Exercise: Copy the listing below in full and skip every picture.

Data extract:
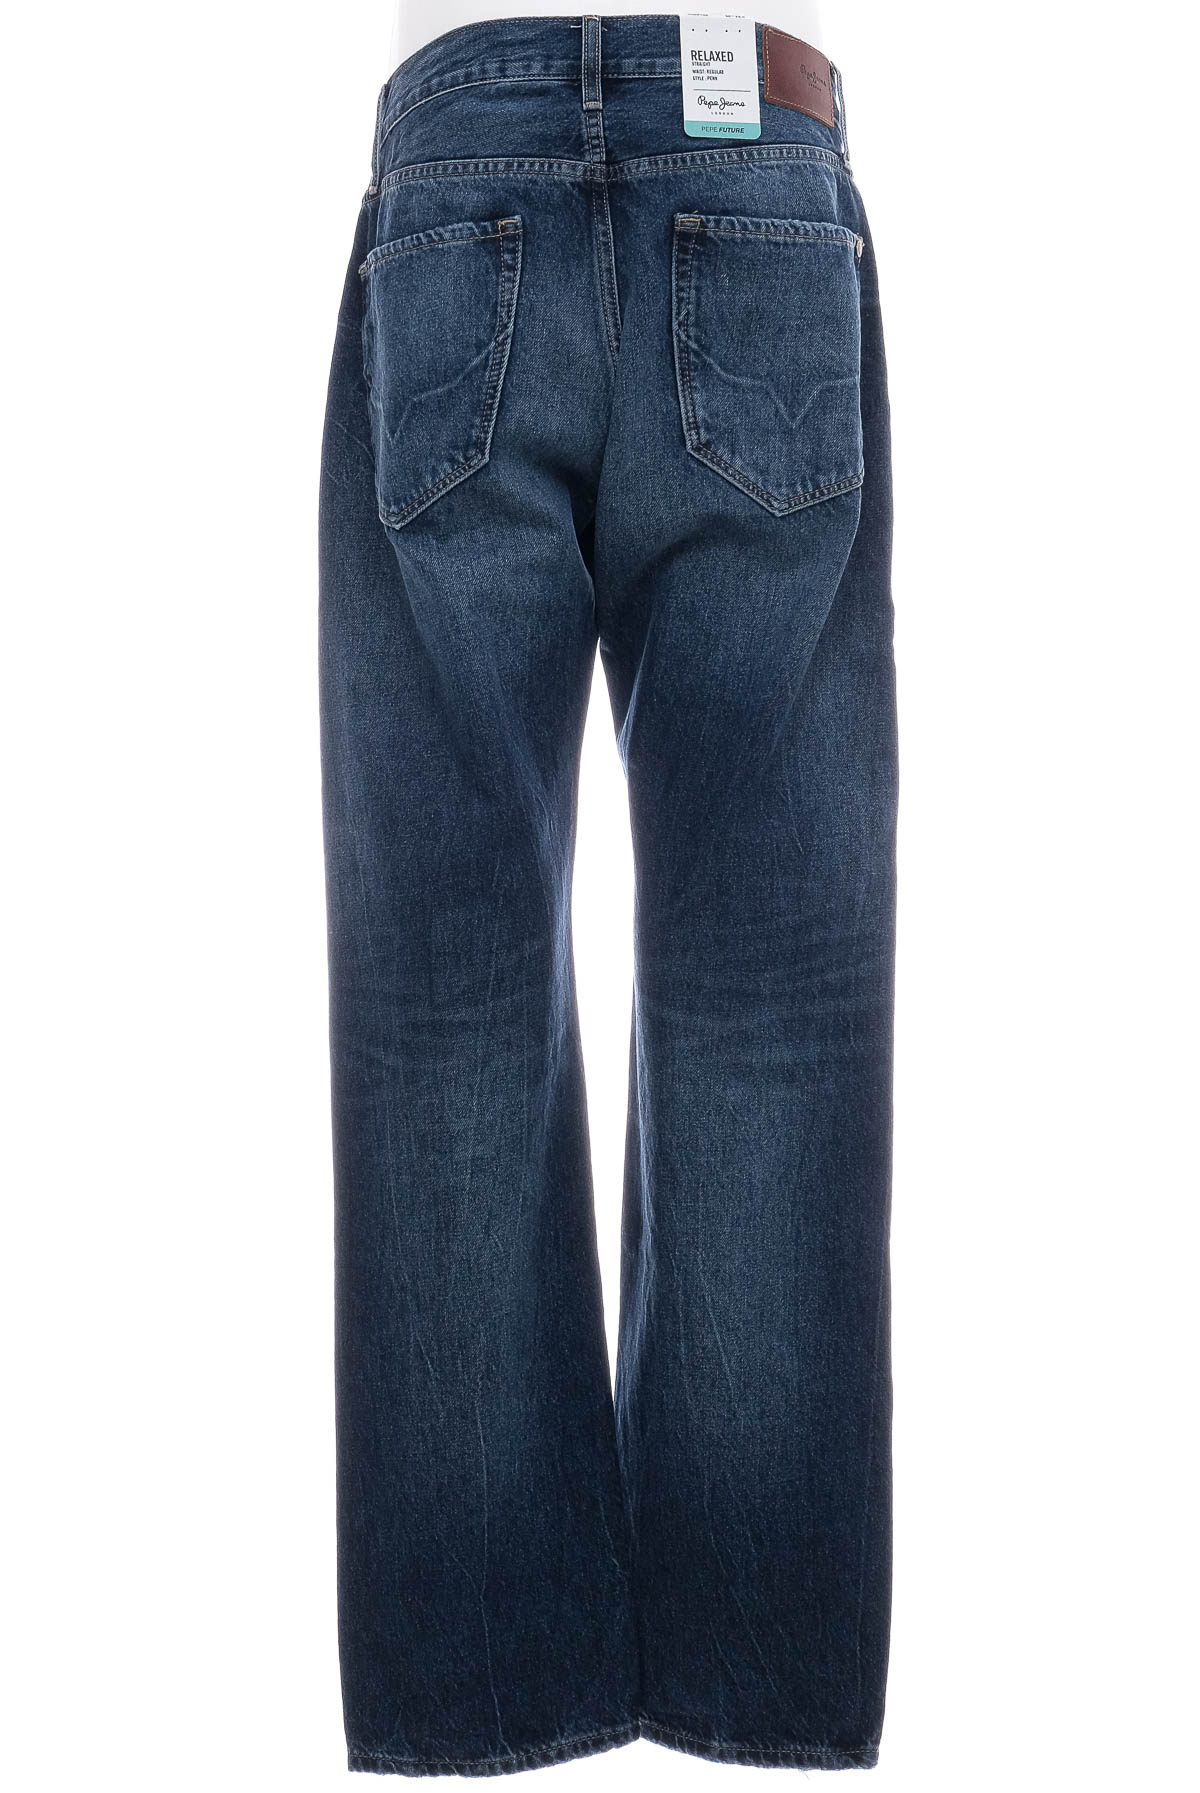 Men's jeans - Pepe Jeans - 1
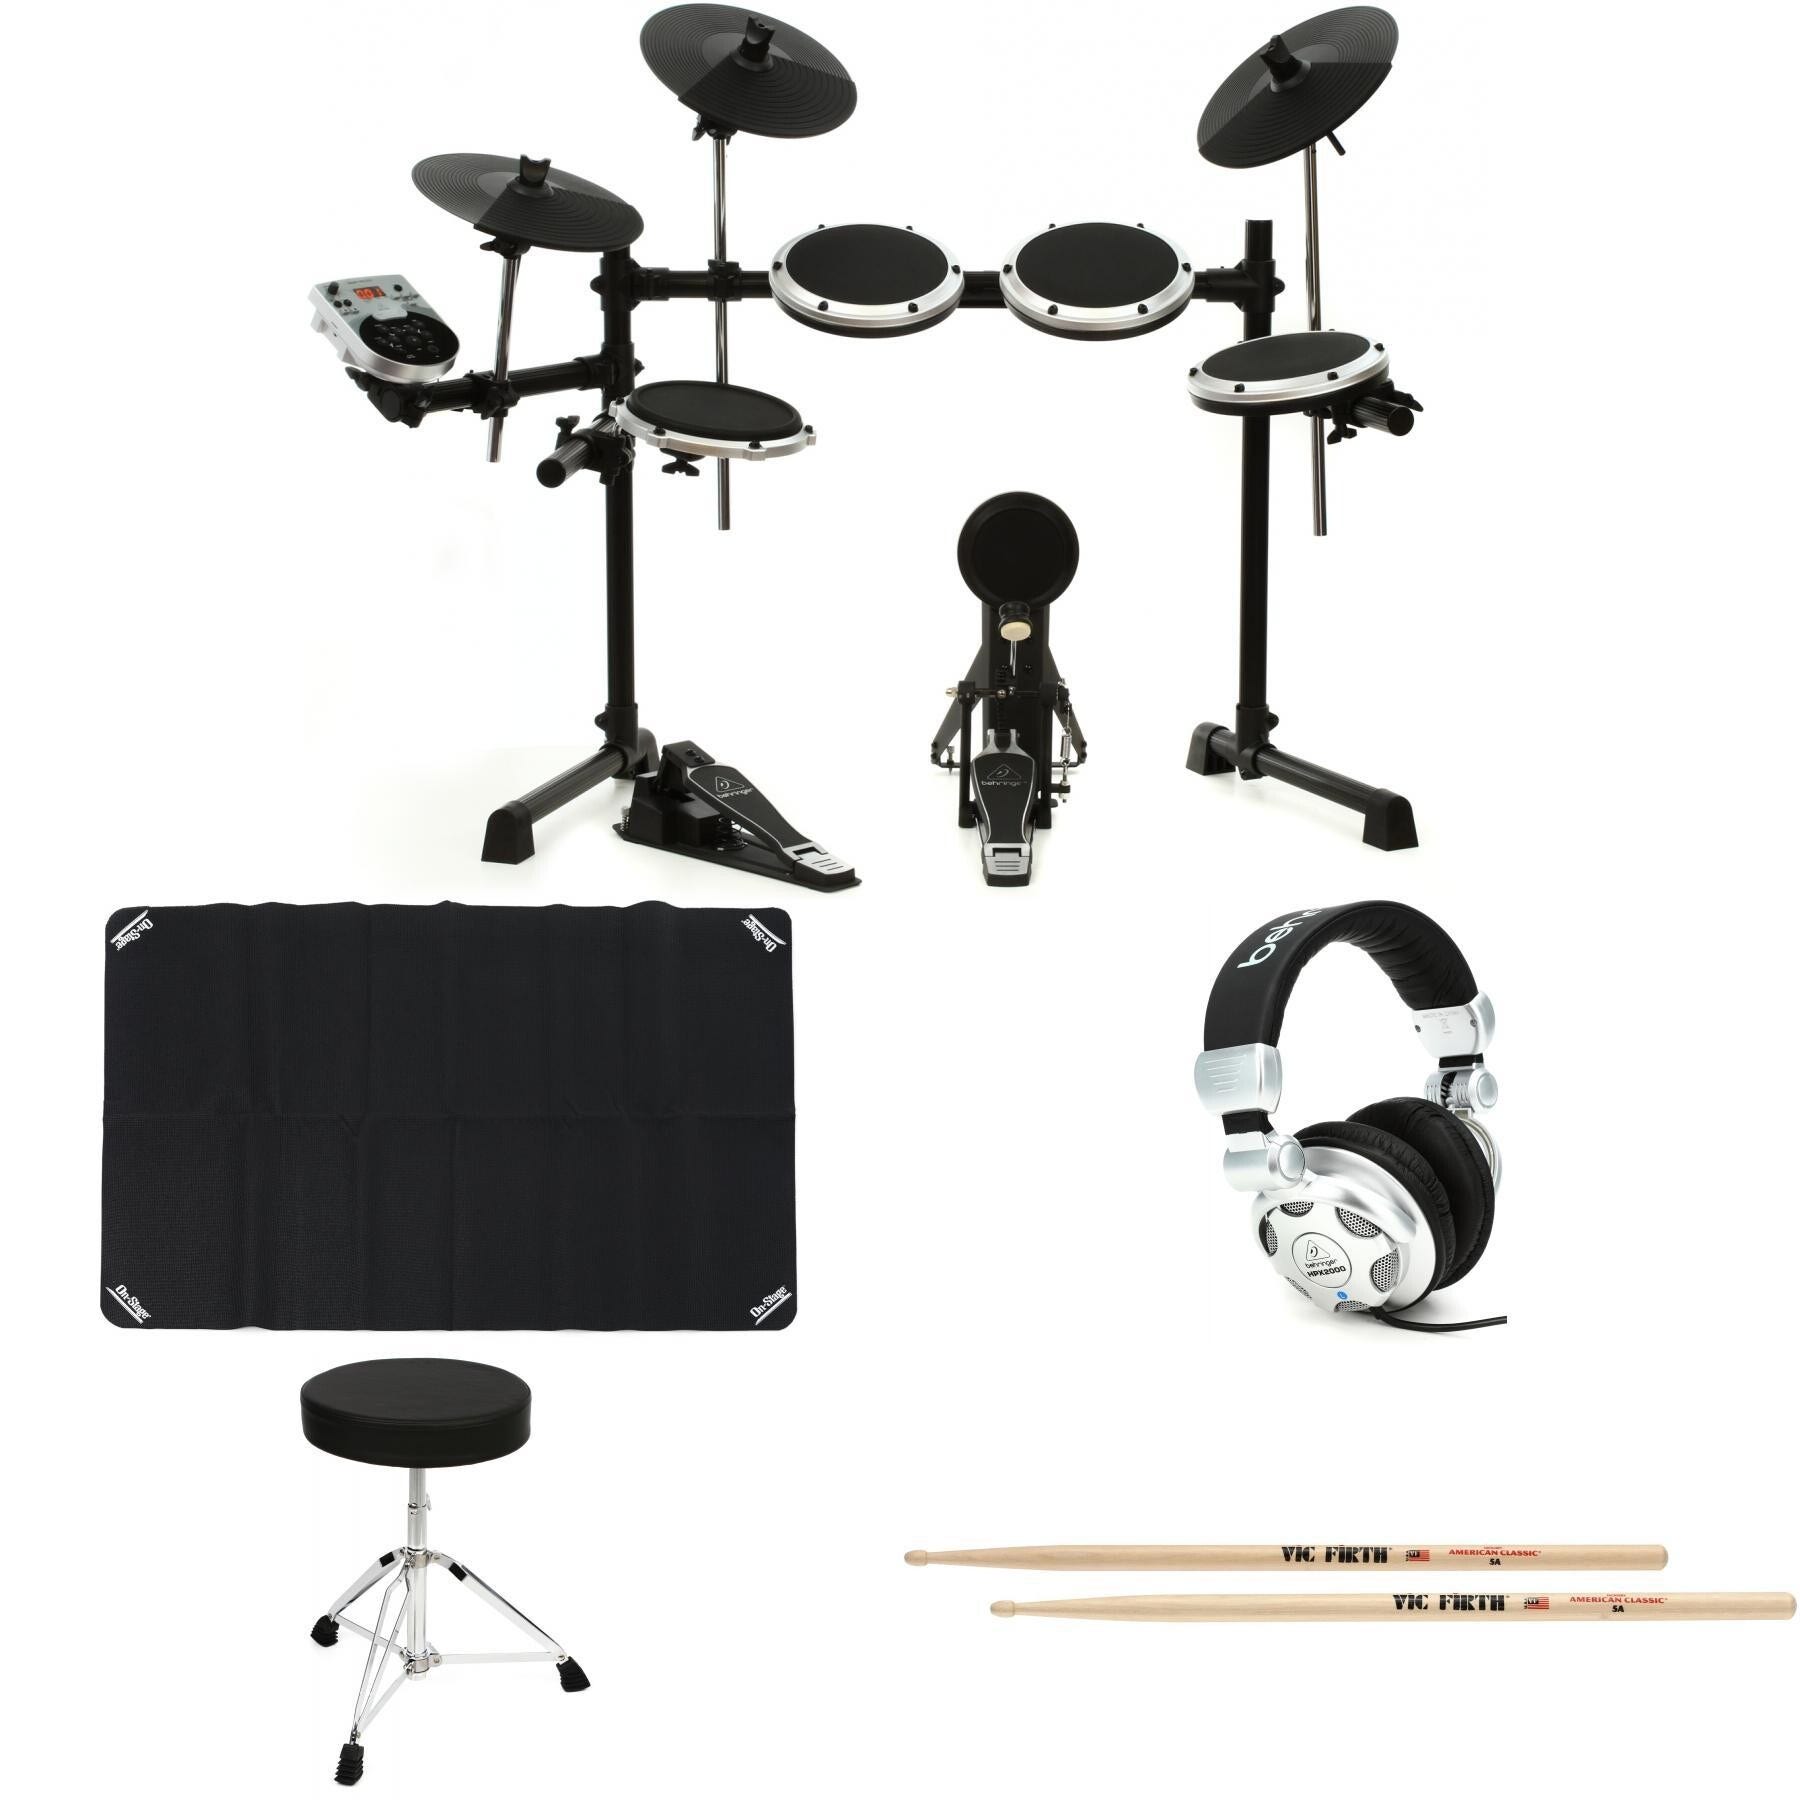 Best Buy: DrumFire 6' x 4' Nonslip Drum Mat Black DMA6450
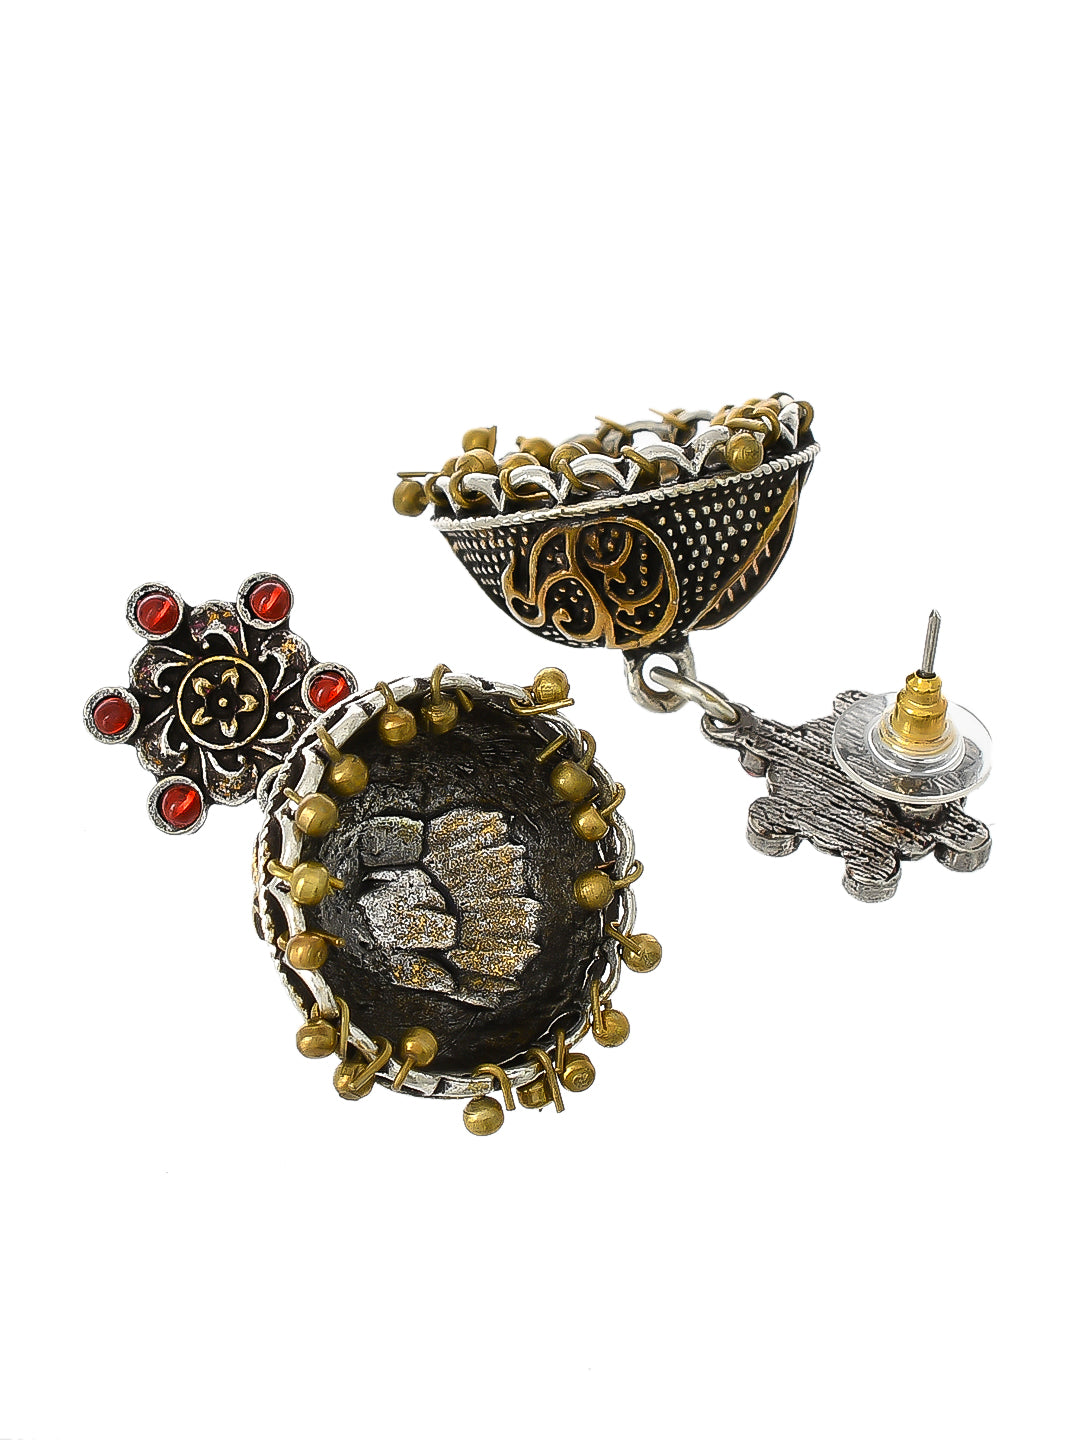 Oxidised silver jhumki earrings
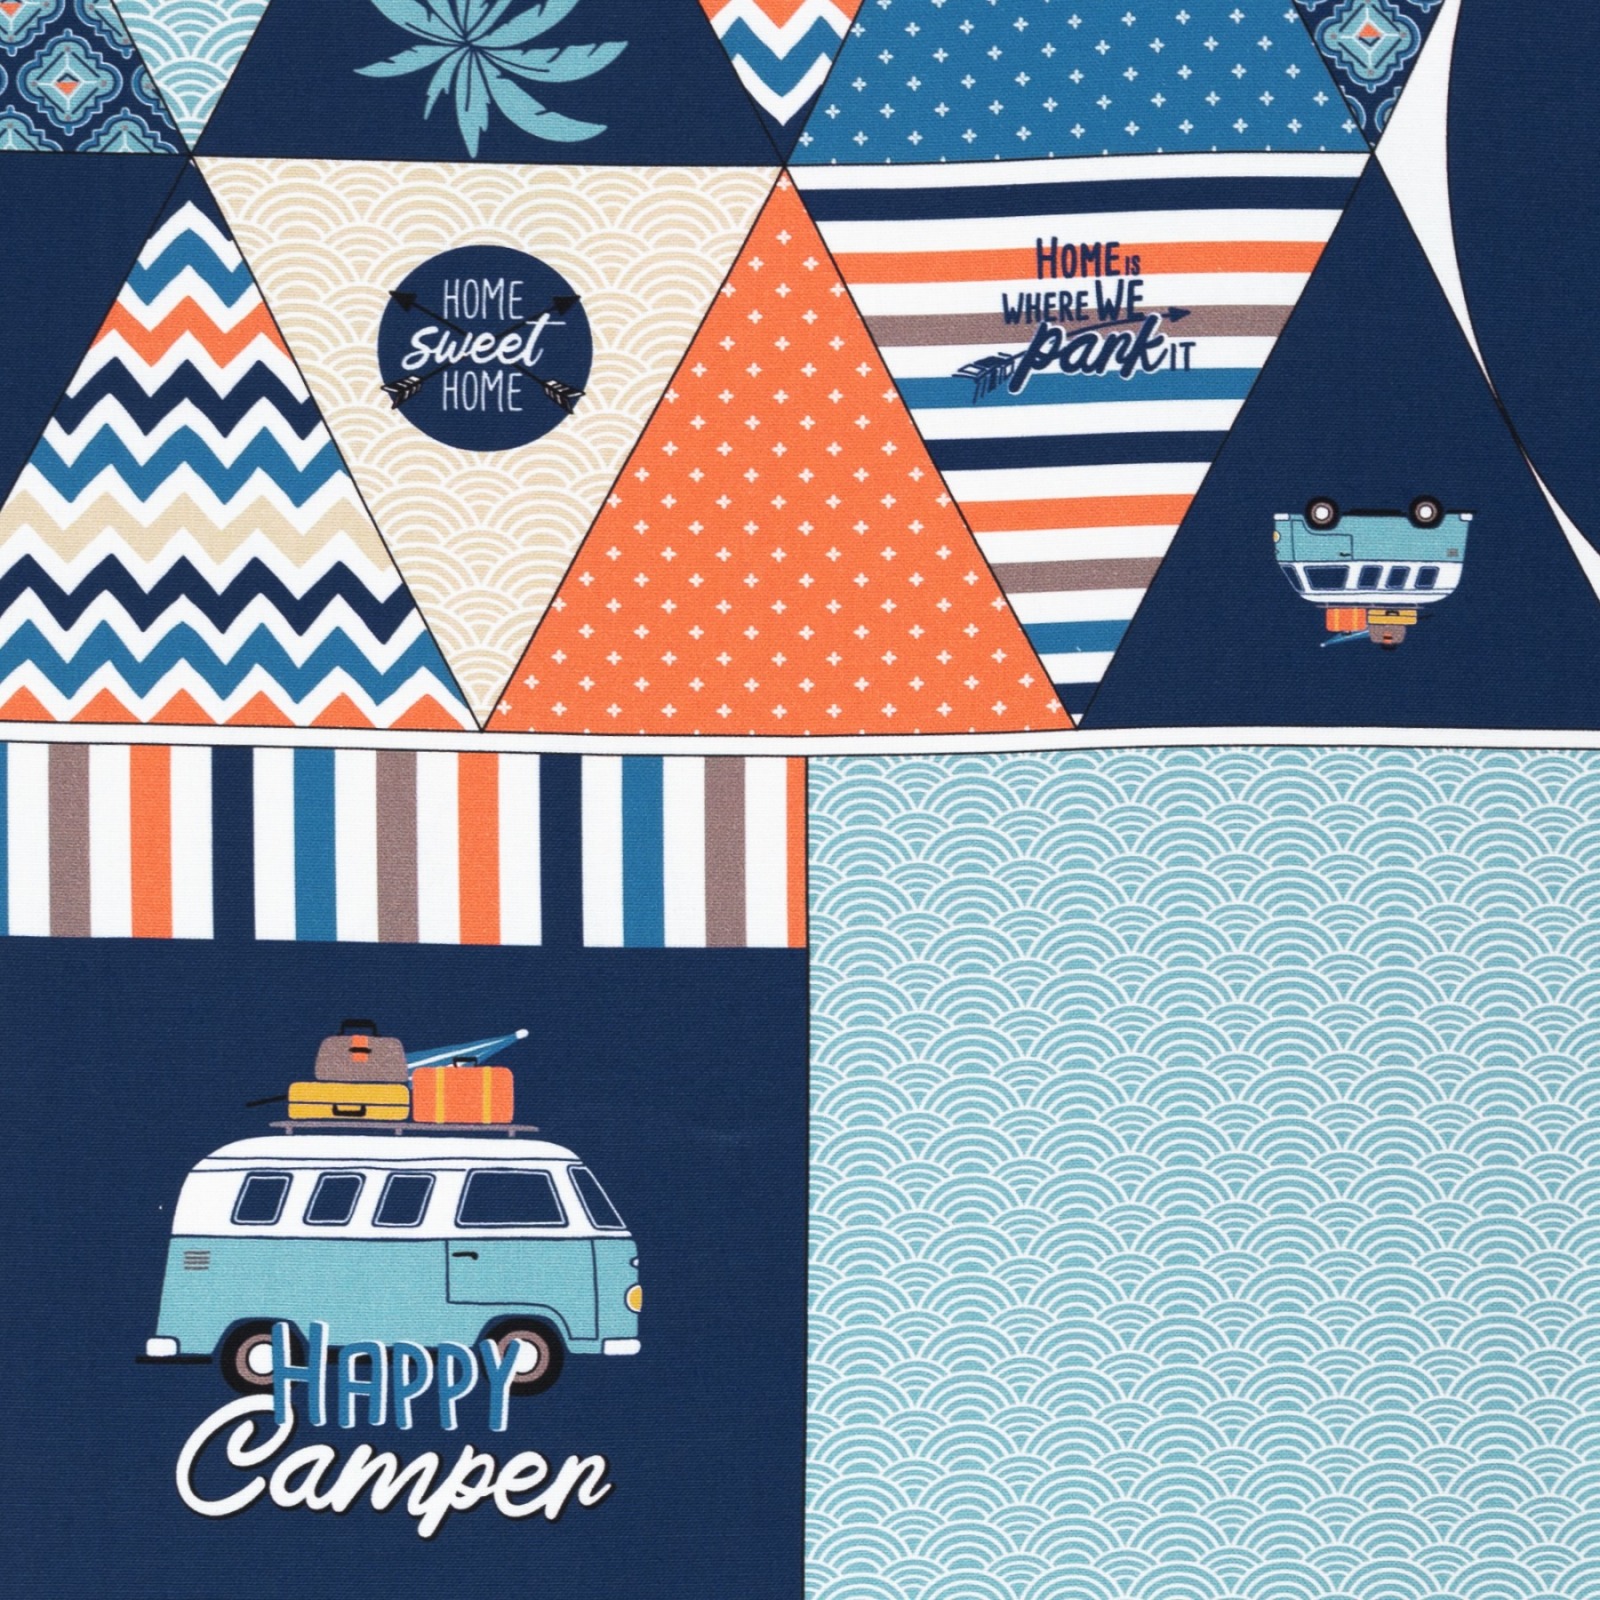 1Panel Canvas Happy Camping by Steinbeck Nähset Maritim blau weiß türkis 3

Exercise answer:
 Men's jeans - Pepe Jeans - 1
 Best Buy: DrumFire 6' x 4' Nonslip Drum Mat Black DMA6450
 Oxidised silver jhumki earrings
 1Panel Canvas Happy Camping by Steinbeck Nähset Maritim blau weiß türkis 3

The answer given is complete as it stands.